■ Data provided ■
_ _ _ _ _

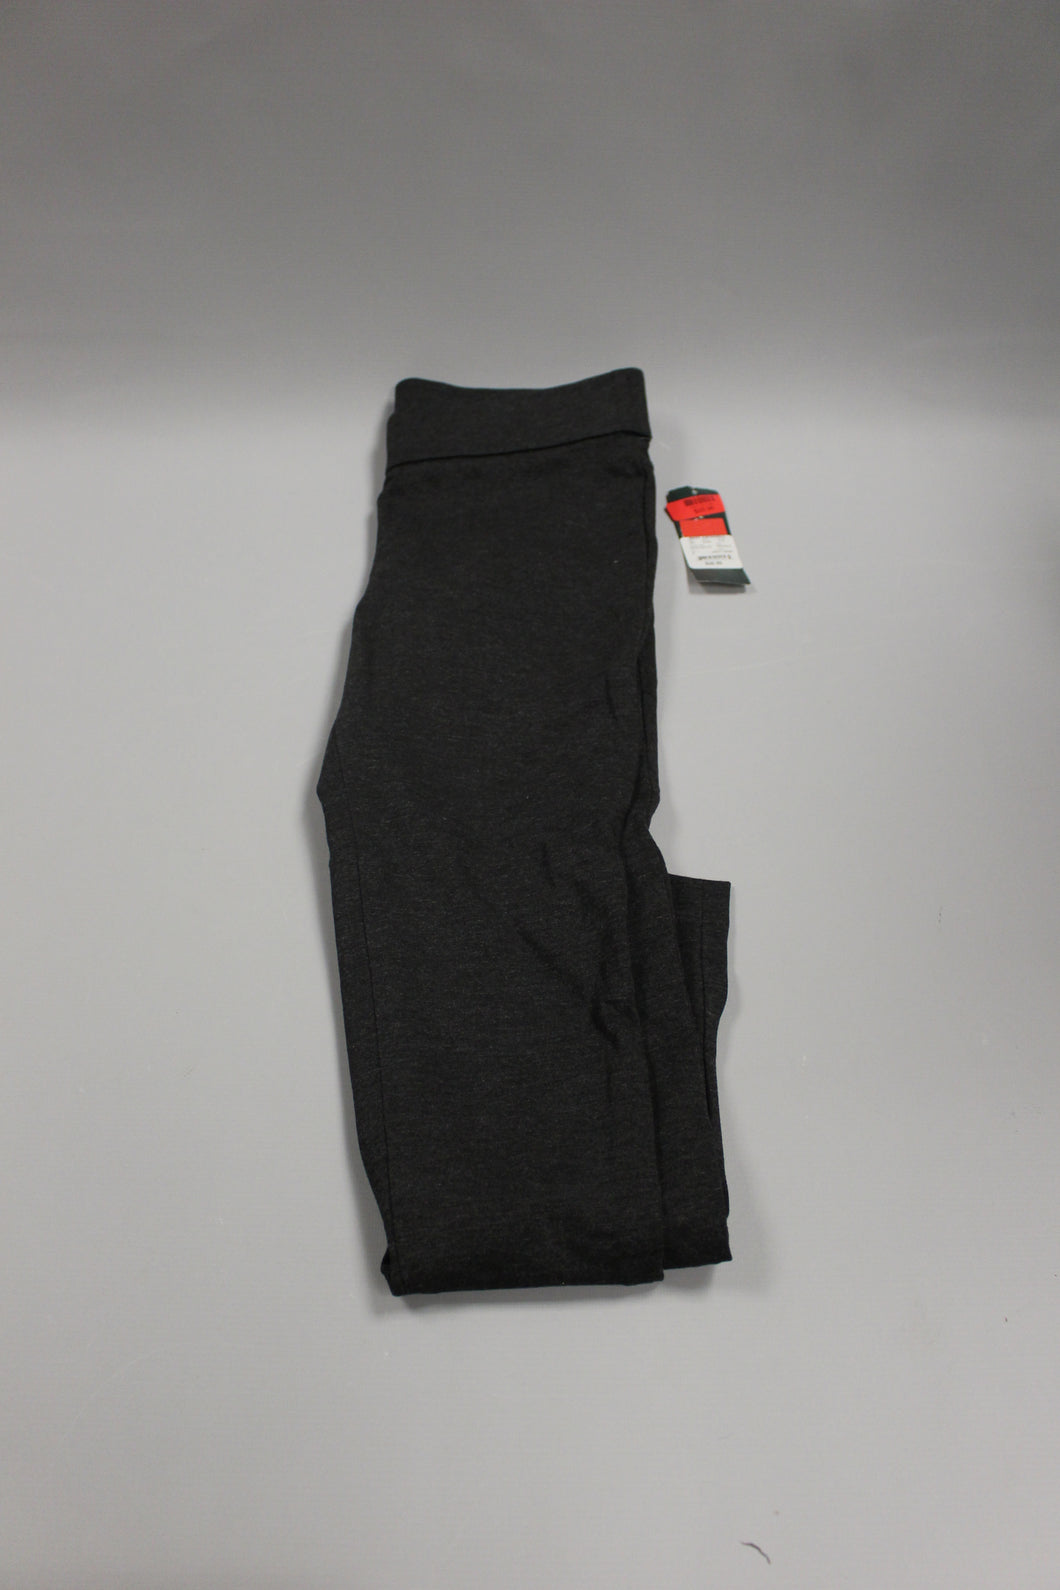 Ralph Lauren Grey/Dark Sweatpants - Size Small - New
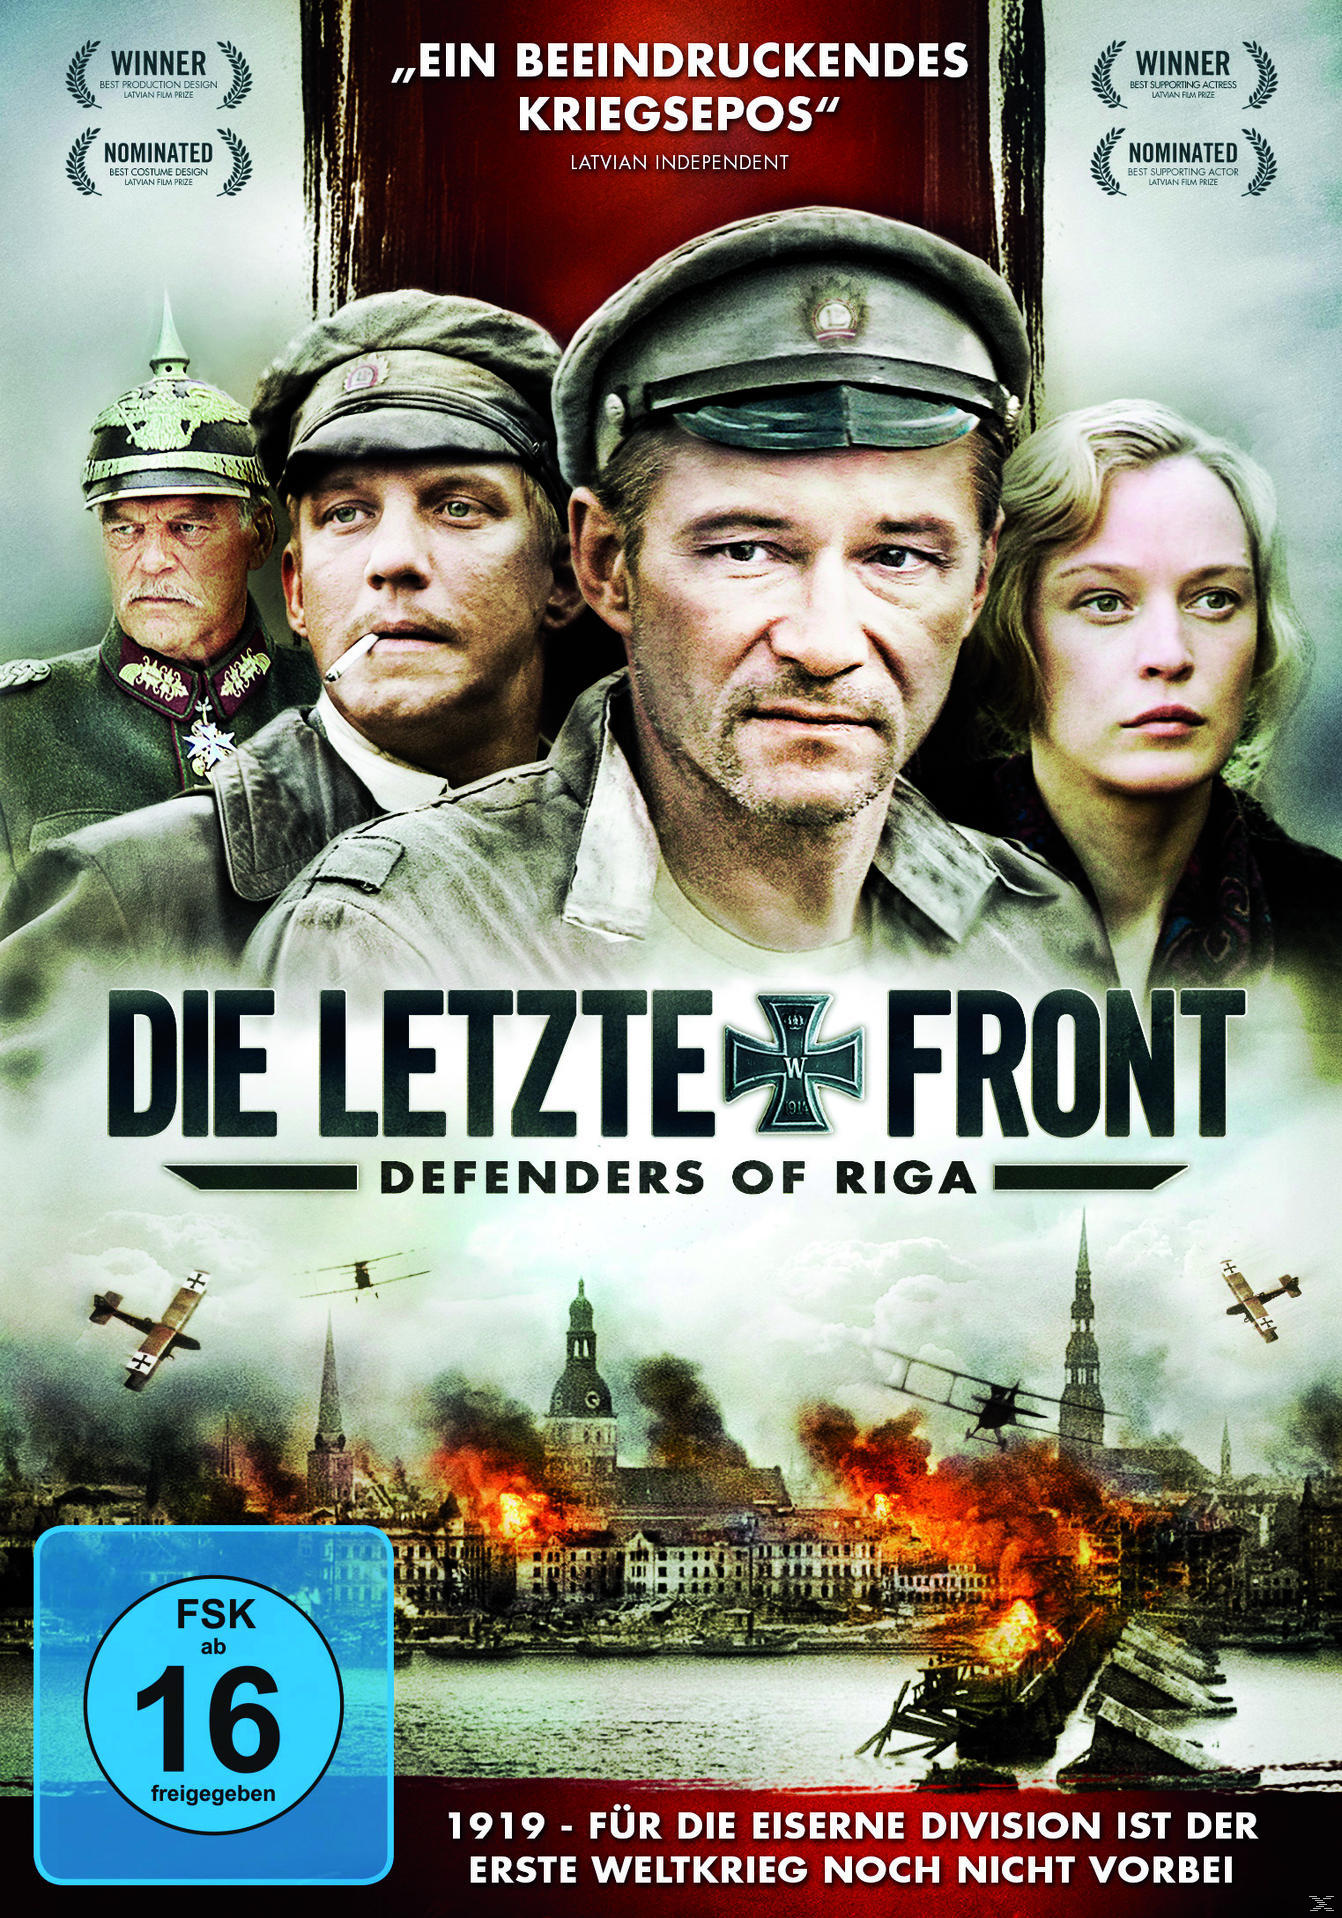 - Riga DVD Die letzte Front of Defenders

_ _ _ _ _

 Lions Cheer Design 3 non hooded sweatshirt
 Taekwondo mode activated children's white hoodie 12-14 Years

_ _ _ _ _

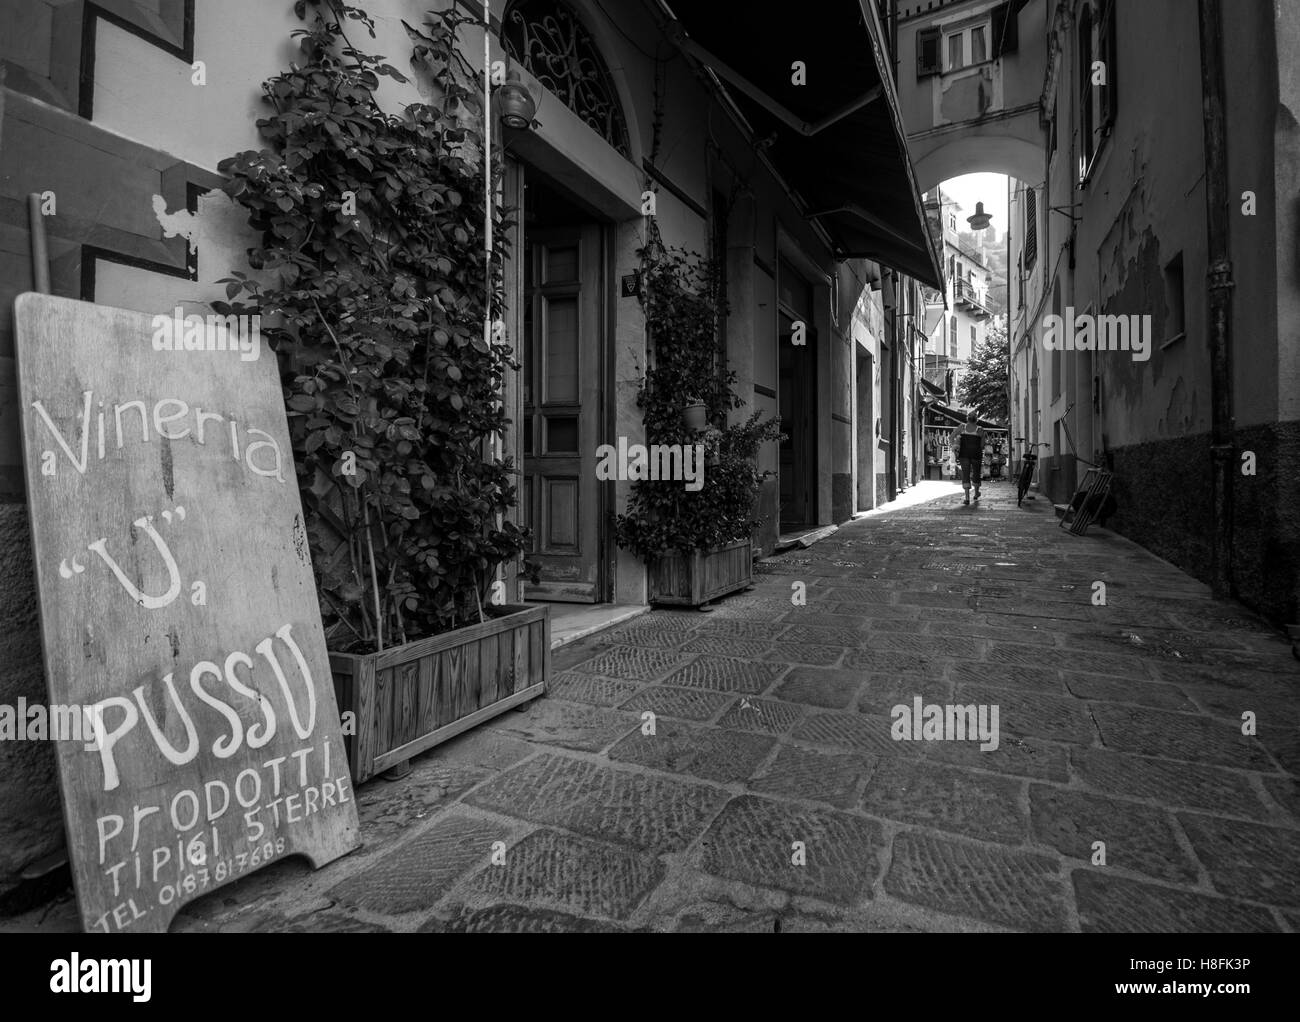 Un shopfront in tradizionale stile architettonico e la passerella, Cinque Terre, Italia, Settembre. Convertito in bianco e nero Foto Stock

_ _ _ _ _

■ Exercise objective ■
Reproduce the data above exactly, but only from the line containing "Ralph Lauren Grey/Dark" through the line containing "- Riga DVD Die letzte Front of Defenders". Omit all pictures.

■ Result of this task ■
 Ralph Lauren Grey/Dark Sweatpants - Size Small - New
 - Riga DVD Die letzte Front of Defenders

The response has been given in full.